Initial research within both sentiment and semantic analysis was first based solely on predetermined rules set by the model architect or language experts in this case, whereas the trend has moved on to using ML and now DL methods.23,24,25 Especially with the increasing amount of data generated, a major challenge with traditional ML models, such as naive Bayes and support vector machines, is that features are hand-crafted, where feature engineering and feature extraction are the most time-consuming processes. DL neural networks have thus been found to yield substantial improvements within NLP research.26 Compared to the traditional ML algorithms based on heavy feature engineering, the DL models have shown effectiveness with their ability to detect useful features through nonlinear processing automatically.24,25,26,27,28

Some popular DL models applied are convolutional neutral network (CNN), recursive neural network (RNN) including long short-term memory (LSTM), gated recurrent unit (GRU), bi-directional long short-term memory (Bi-LSTM), and transformer-based networks.15,21,24,29 As text classification tasks can also be considered sequential modeling tasks, recurrent neural networks (RNN) are more frequently used due to their ability to learn sequential associations, which is an important feature when dealing with semantic analysis of text.15,30 LSTM and Bi-LSTM models, which are based on RNN architectures, are capable of capturing word dependencies, taking into account the preceding and succeeding contexts in a text passage.15

Most recently, the state-of-the-art techniques used for sentiment analysis and the NER tasks are the transformer models.29,31 Transformer models process all words simultaneously rather than sequentially. Yet, it is able to ensure that the same word has different representations depending on its position in the sentence, and it can also learn the dependencies between words due to the self-attention mechanism.29 Using this approach, transformers have been shown to produce better results while at the same time being less time-consuming due to their ability to parallelize training.28,29 For NER tasks specifically, studies have shown that transformer-based models such as BERT, RoBERTa, and XLNet, can outperform non-transformer-based models such as RNN, CNN, LSTM, and other hybrid models as Bi-LSTM-CNN-CRF models.21

One specific kind of transformer is BERT, which stands for bi-directional encoder representations from transformers. BERT is a language model that was introduced by Devlin et al. in 2018.32 As the name implies, its purpose is to understand the meaning of words on both the left and right sides of the sentence. Its model is based on the multi-layer encoder architecture of the transformer model.

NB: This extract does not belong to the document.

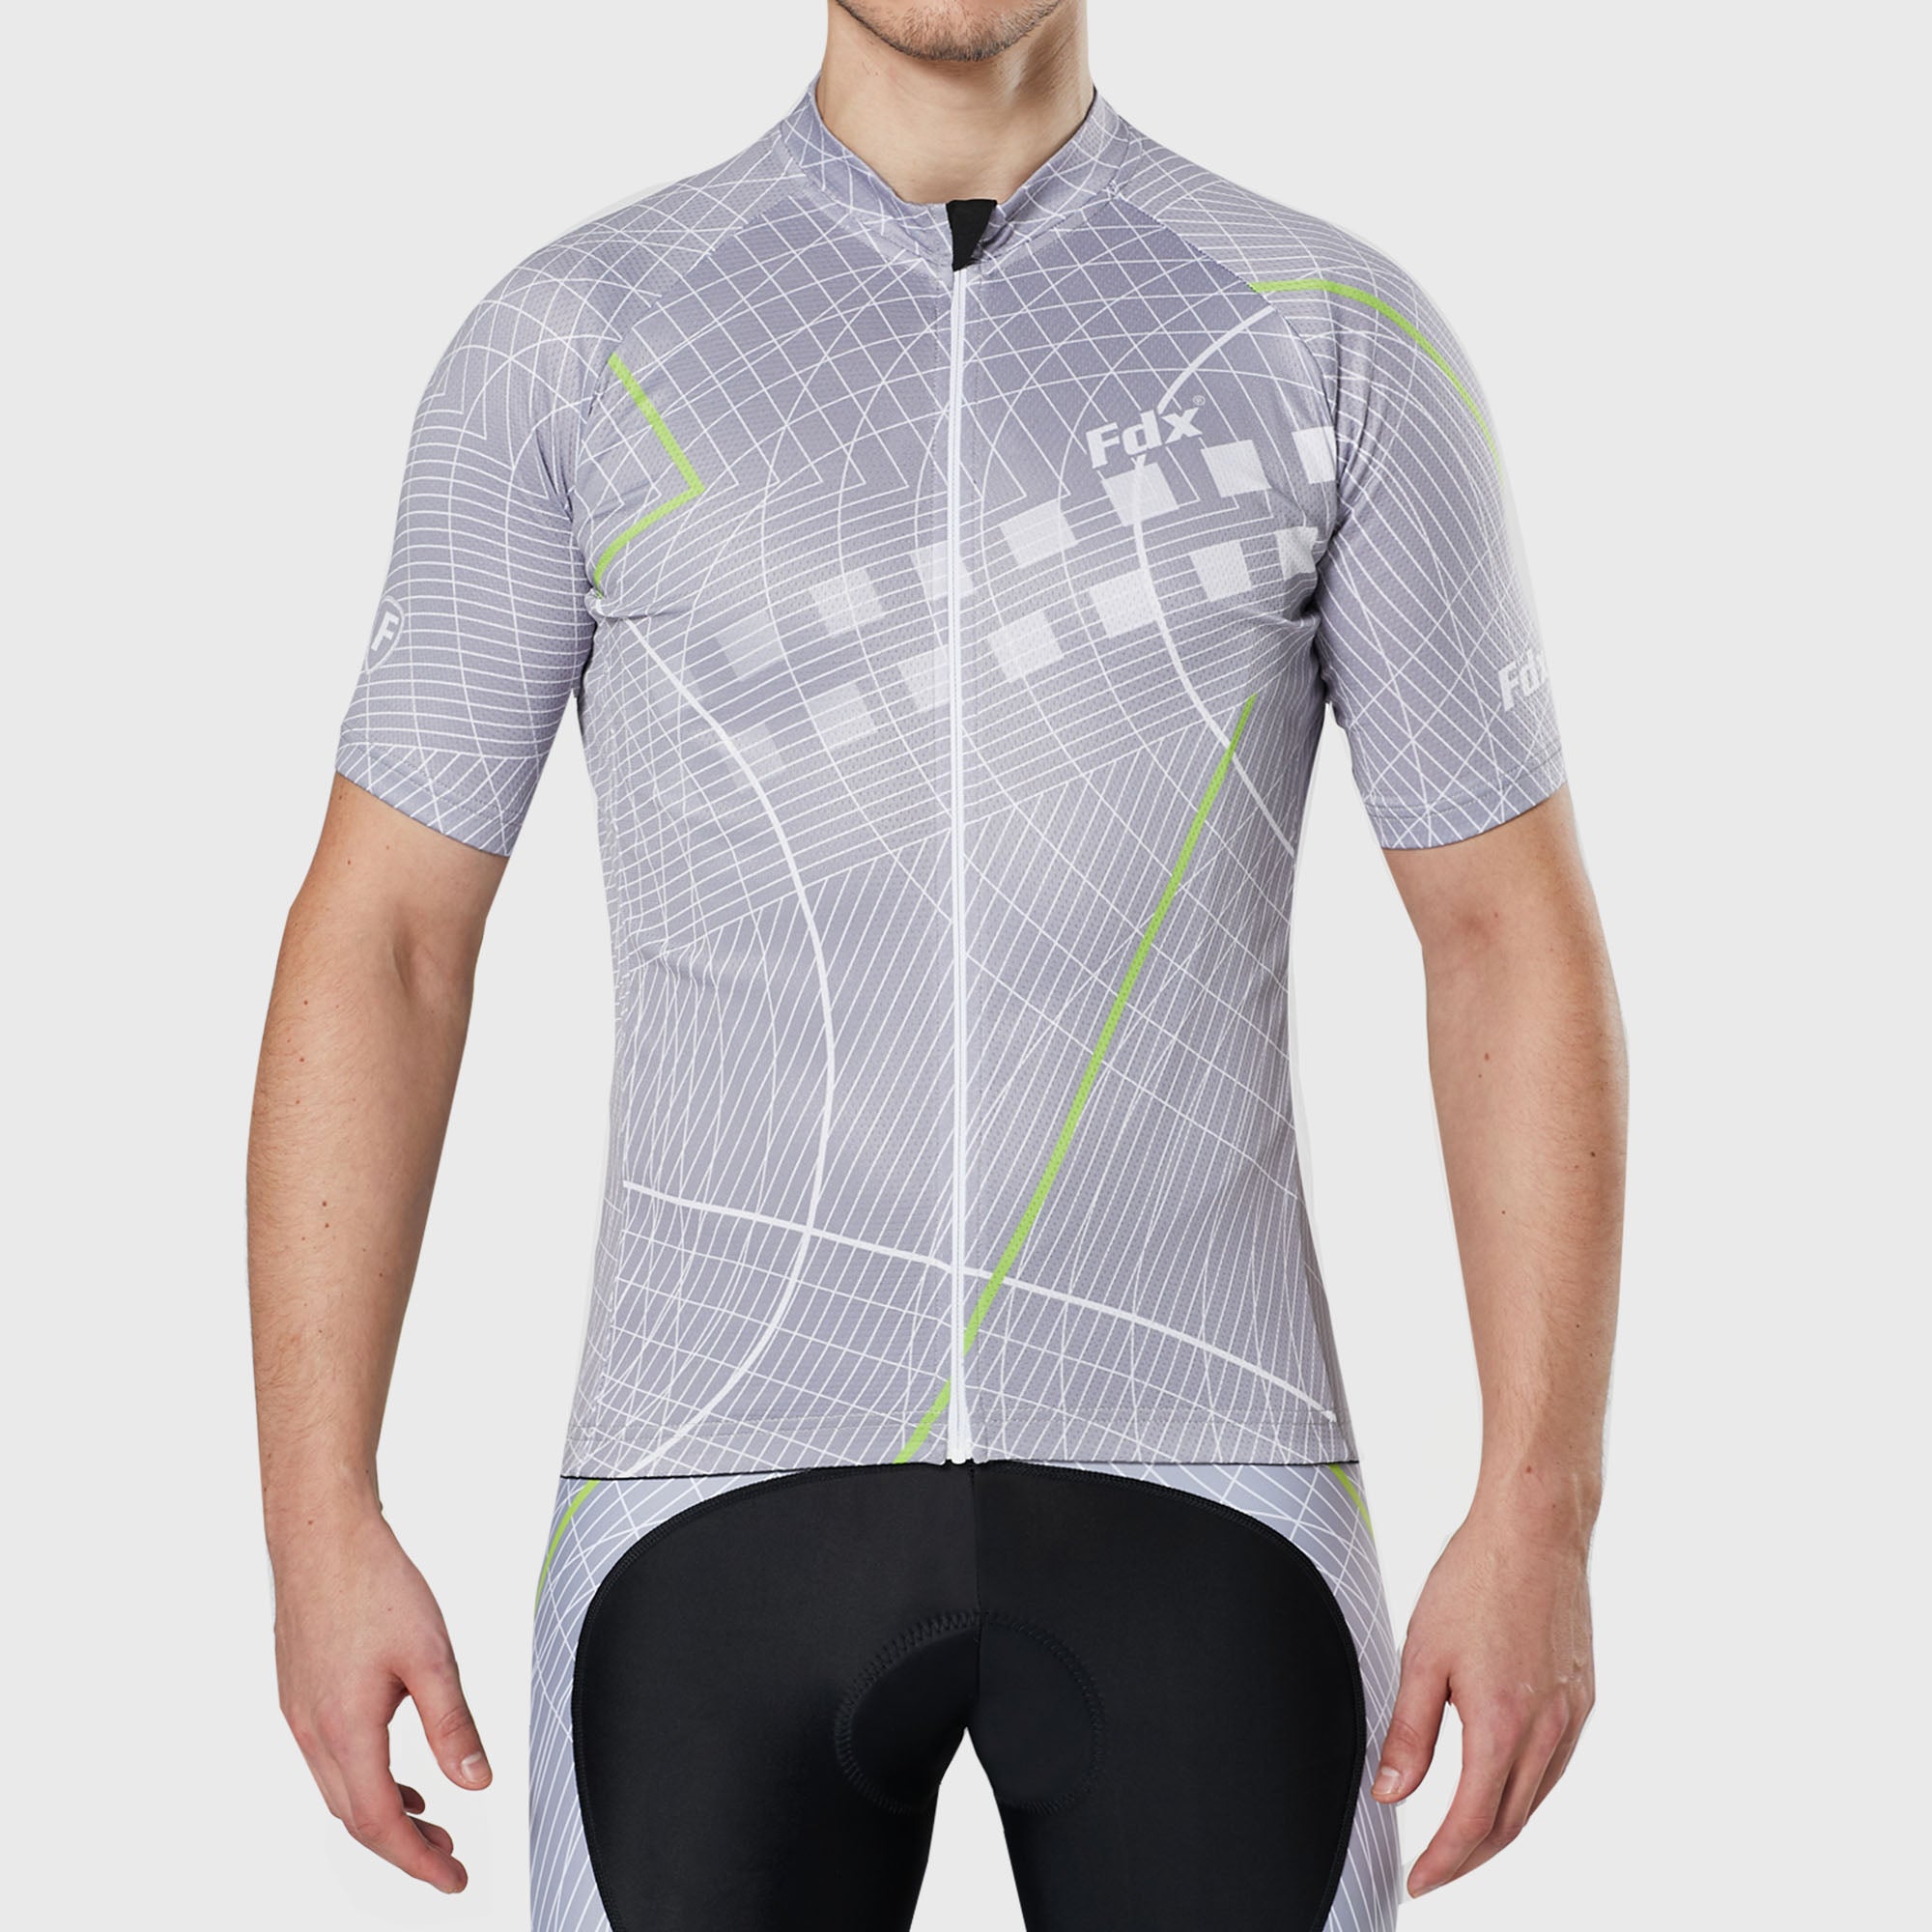 Fdx Grey best men’s short sleeves cycling jersey breathable lightweight hi-viz Reflective details summer biking top, skin friendly full zip half sleeves mesh cycling shirt for indoor & outdoor riding with two back & 1 zip pockets

Use of ML to study urban quality

Researchers have previously used image based ML models to identify local architectural identity33 using automatic classification of morphological features in the images, perception of safety34 using convolutional neural nets on crowd sourced images and a combination of models35 to evaluate urban qualities like visual quality and visual continuity based on street view images using different deep convolutional neural networks and traditional ML techniques. Other than image data, researchers have explored the use of ML techniques on text data, particularly those from Quality of Life (QoL) surveys.36 used early forms of NLP such as term frequencies to turn qualitative data into quantitative data. More capable ML models made it possible to perform sentiment analysis as well as semantic analysis or topic modeling on text data. In recent years37 used data from online neighborhood reviews to perform semantic and sentiment analysis for different New York City neighborhoods. The researchers used an unsupervised Bayesian network model for semantic analysis called latent Dirichlet allocation (LDA), which was modeled on words like safe, crime, and police. Next, the researchers proposed a model to extract semantic orientations of reviews verified by their numerical rating associated with the text review. Similar research was conducted in Barcelona38 using regression models on Twitter data to extract public sentiments on urban environments and Dublin39 to evaluate opinions about urban green spaces based on TripAdvisor and Foursquare reviews using LDA. In both cases researchers found that tuning the models with context-specific keywords like “shopping”, “center”, and “history” improved model evaluation metrics like coherence values and model perplexity.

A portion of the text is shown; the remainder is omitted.